I have given my pup cleaned plastic milk cartons and juice bottles. Free is good and can be fun for a day or two. 

I buy bully sticks from Chewy.com and Best Bully Sticks by balk. It is a lot up front but in the long run it is a more reasonable price. 

I was just looking at my dogs collection of dog's chew toys, his antler, his Nylabone, his squeeky bone and a now empty marrow bone. They all look pristine because he doesn't just settle down and chew them. He likes best the Kong squeeky balls. But I have to watch them because a strong chewer will break them apart.


----------



## Bella67 (Jun 22, 2014)

For my dog as a puppy, she used the kong with the treats inside it, nylabones, deer antlers, and a ball from the chuck-it! collection. Some were pricy but worth well worth it!
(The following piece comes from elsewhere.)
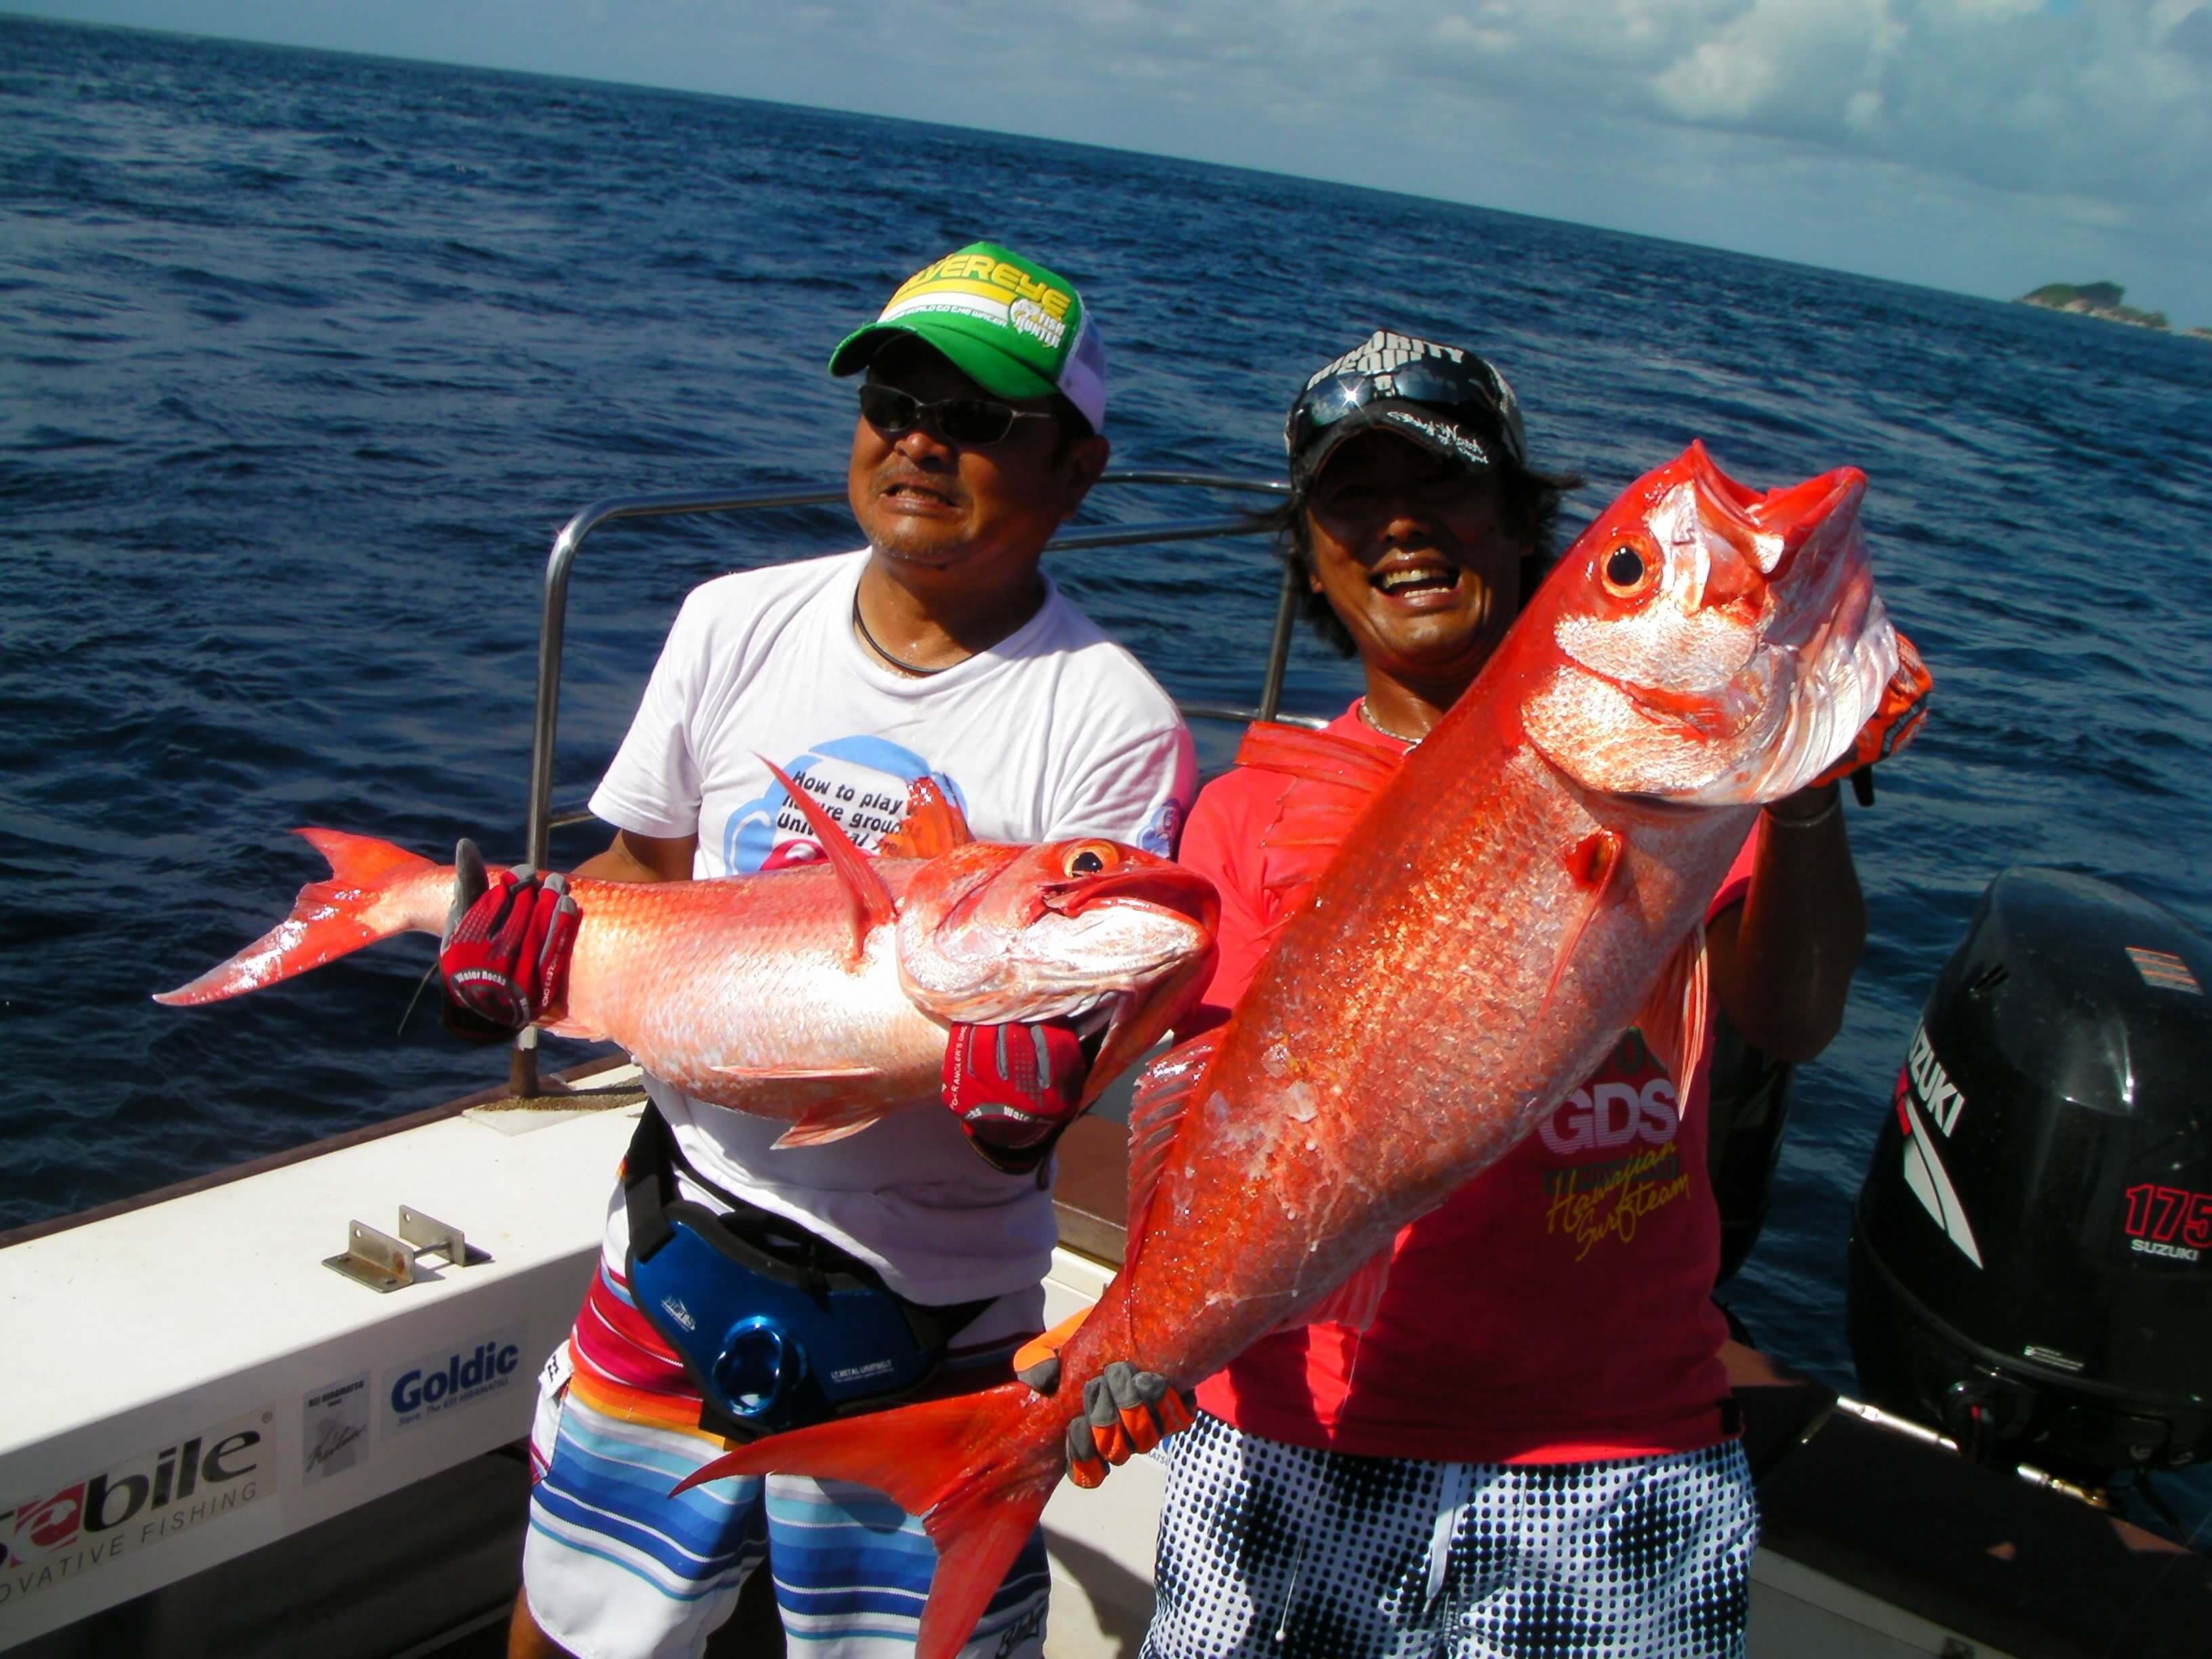 اصطاد السائح سمكتين من أسماك البوري الأحمر في جولة صيد في هيكادوا بسريلانكا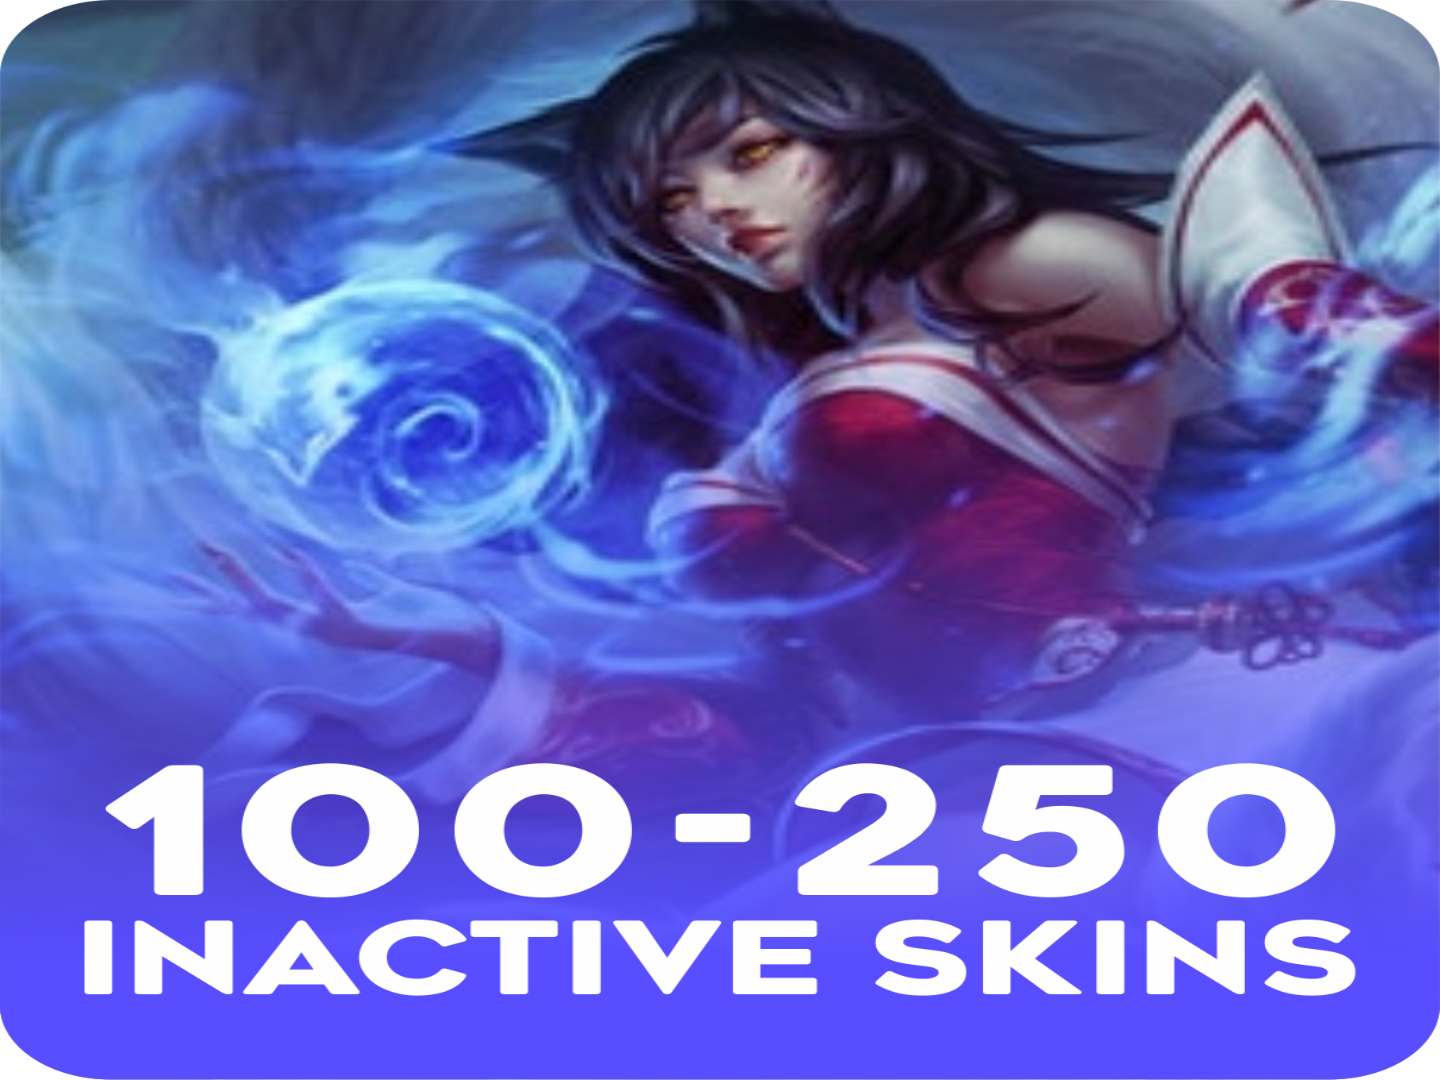 Inactive 100-250 skins Account

I also would recommend putting a wet wash cloth in the freezer, let it freeze then let him chew on it but watch him while chewing it, and give him icecubs, those will help to. I also heard you can boil the nylabones in beef broth to help give that tasting flavor to make the dog more interested in chewing it. Good luck!


----------



## Shade (Feb 20, 2012)

Frozen raw marrow bones and knuckle bones. They last a while and pups love them, just supervise to make sure they're not chewing too aggressively. Frozen raw carrots, frozen stuffed kongs, I fed beef tendons as well frozen though only a few a week because they did give him diarrhea if fed too often


----------



## Fate_GSD (Oct 9, 2014)

After all of the Nylabones, Bully Sticks, Kongs, Antlers were bought, it was discovered that Fate enjoyed one gallon plastic jugs just as well.


----------



## KayDub (May 4, 2014)

There's always the old fashioned ice cubes or blocks to help numb the gums. Just monitor your dog with them. As always it's the cheapest route.


----------